Gemini API: File API Quickstart

The Gemini API supports prompting with text, image, and audio data, also known as multimodal prompting. You can include text, image, and audio in your prompts. For small images, you can point the Gemini model directly to a local file when providing a prompt. For larger text files, images, videos, and audio, upload the files with the File API before including them in prompts.

The File API lets you store up to 20GB of files per project, with each file not exceeding 2GB in size. Files are stored for 48 hours and can be accessed with your API key for generation within that time period. It is available at no cost in all regions where the Gemini API is available.
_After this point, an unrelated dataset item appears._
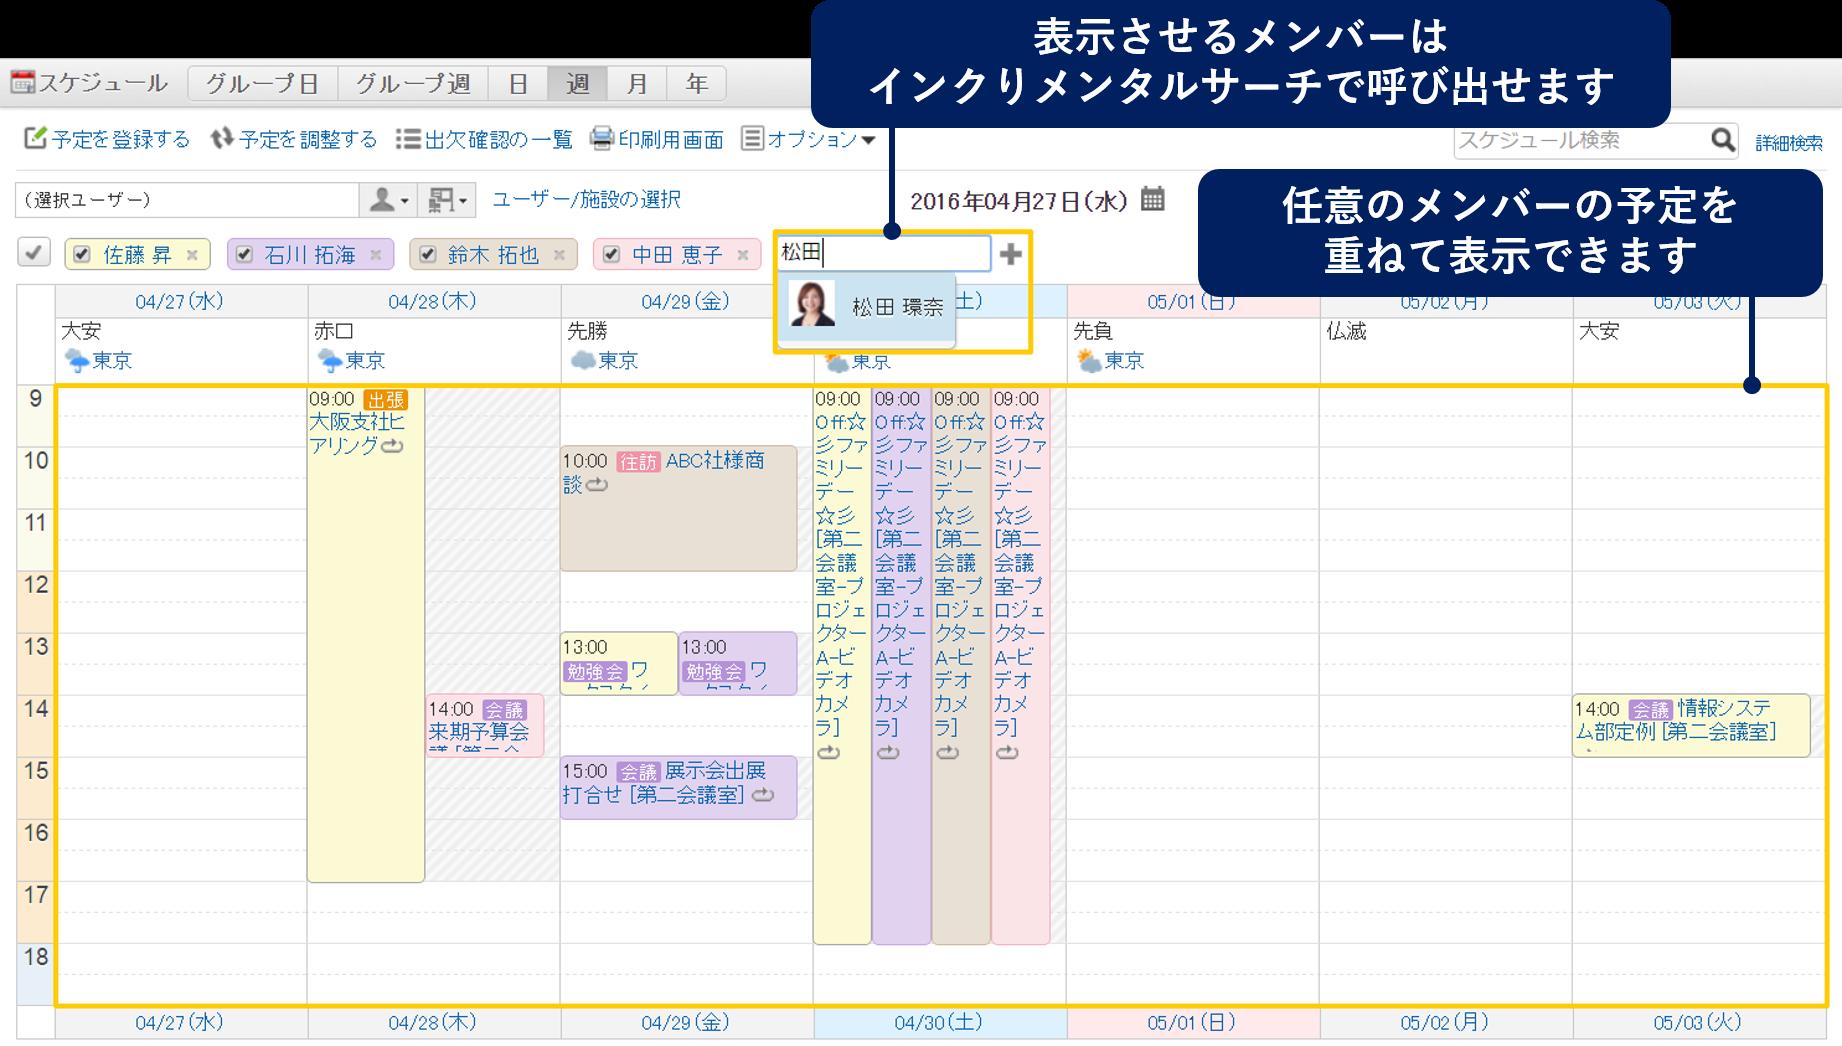 https://enterprise.cybozu.co.jp/2016/04/dfbcbdf434f09f8a141f9701d84ec473f66aeece.png

For information on valid file formats (MIME types) and supported models, see the documentation on supported file formats and view the text examples at the end of this guide.

This guide shows how to use the File API to upload a media file and include it in a generateContent call to the Gemini API. For more information, see the code samples.

Setup

Install the Google GenAI SDK

Install the Google GenAI SDK from npm.

$ npm install @google/genai

Setup your API key

You can create your API key using Google AI Studio with a single click.

Remember to treat your API key like a password. Don’t accidentally save it in a notebook or source file you later commit to GitHub. In this notebook we will be storing the API key in a .env file. You can also set it as an environment variable or use a secret manager.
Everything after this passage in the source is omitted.